Inspiration

The rise of IRL streaming giants like Kai Cenat and Adin Ross has transformed Twitch. It took content out of the bedroom and into the real world. However, this shift created a massive disconnect. When a streamer is out living life, walking through Tokyo or exploring a haunted house, they cannot be glued to their phone screen reading 100 messages a second.

This makes it incredibly hard to bond with the community. The "chat" becomes a blur of text rather than a group of people. We wanted to solve this by personifying the chaos. Pickle AI gives the "Hivemind" a single voice, a face, and a memory. It aggregates the sentiment of thousands of viewers into one intelligent virtual co-host that travels with you. It allows the streamer to interact with their community naturally, just like talking to a friend walking next to them.

What it does

Pickle AI is a modular, multi-modal companion that acts as the "collective brain" of a Twitch stream. It does not just read donations. It actively participates in the content.

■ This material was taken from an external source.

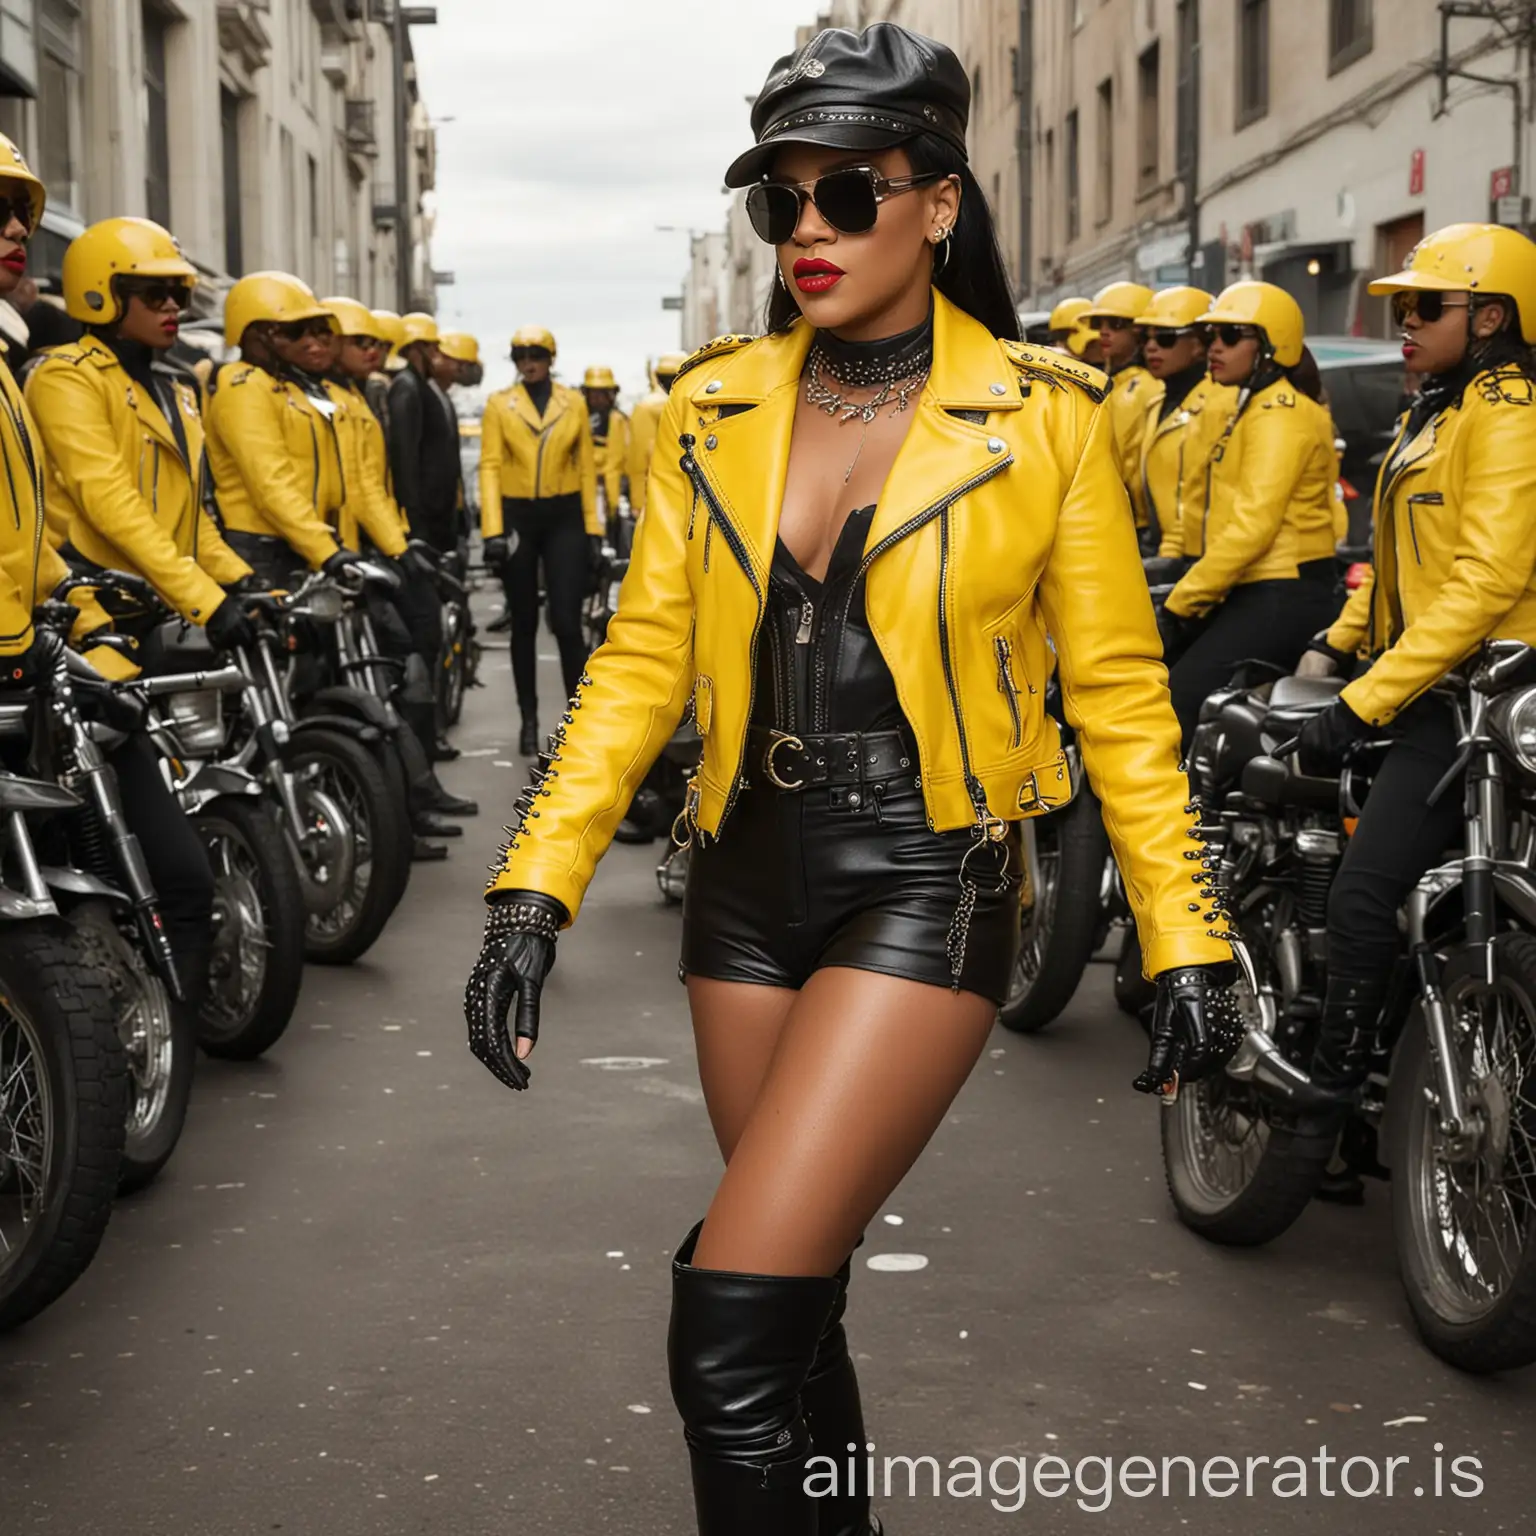 Fashionable-Worship-Rihanna-in-Yellow-Leather-Motorcycle-Attire

  • It Listens: It monitors Twitch chat for questions and sentiment, and listens to the streamer's voice via a microphone.
  • It Sees: Using real-time computer vision, it analyzes the video feed to understand the physical environment (e.g., "I see you are holding a coffee cup").
  • It Speaks: It responds vocally using low-latency Text-to-Speech, engaging in banter or answering questions.
  • It Remembers: Unlike standard bots, it uses a RAG (Retrieval-Augmented Generation) memory system to recall details about specific viewers and past conversations ("Hey user123, how did that exam go last week?").

How we built it

We architected Pickle AI as a microservices-inspired system to handle the heavy load of real-time multi-modal processing:

  • The Brain (Backend): Built with Python and FastAPI. We use Ollama running locally (Phi-3.5) for privacy-first intelligence, avoiding expensive API costs.
  • The Memory (RAG): We implemented a hybrid memory architecture using ChromaDB. It combines a "Short-Term Memory" deque for immediate conversational flow with "Long-Term Memory" vector embeddings to store and retrieve user facts.
  • The Eyes (Vision Sidecar): Python lacks native browser APIs for WebRTC, so we built a Node.js + Puppeteer sidecar. It runs a headless browser to load the Overshoot AI SDK, which captures the video feed, analyzes it, and sends scene descriptions back to the Python core via WebSocket.
  • The Voice: We integrated Deepgram for both Speech-to-Text (STT) and Text-to-Speech (TTS) due to its incredible speed, routing audio through virtual cables to OBS.

Challenges we ran into

  • The "Blind" Python Problem: We wanted to use the Overshoot AI SDK for vision, but it is designed for browsers, not Python backends. We had to hack together a "Sidecar" solution where a hidden Node.js server launches a headless Chrome instance just to give the AI "eyes."
  • Context Window Limits: We could not just feed the LLM every chat message. We had to build a "Context Assembler" that intelligently selects only the most relevant messages and retrieves long-term memories based on semantic similarity. This ensures the AI stays on topic without blowing up the context window.
  • Impulse Control: Initially, the AI was too chatty. It responded to every single chat message. We developed a "Gating System" with probability triggers and cooldowns so it only speaks when it has something valuable to add, rather than talking over the streamer.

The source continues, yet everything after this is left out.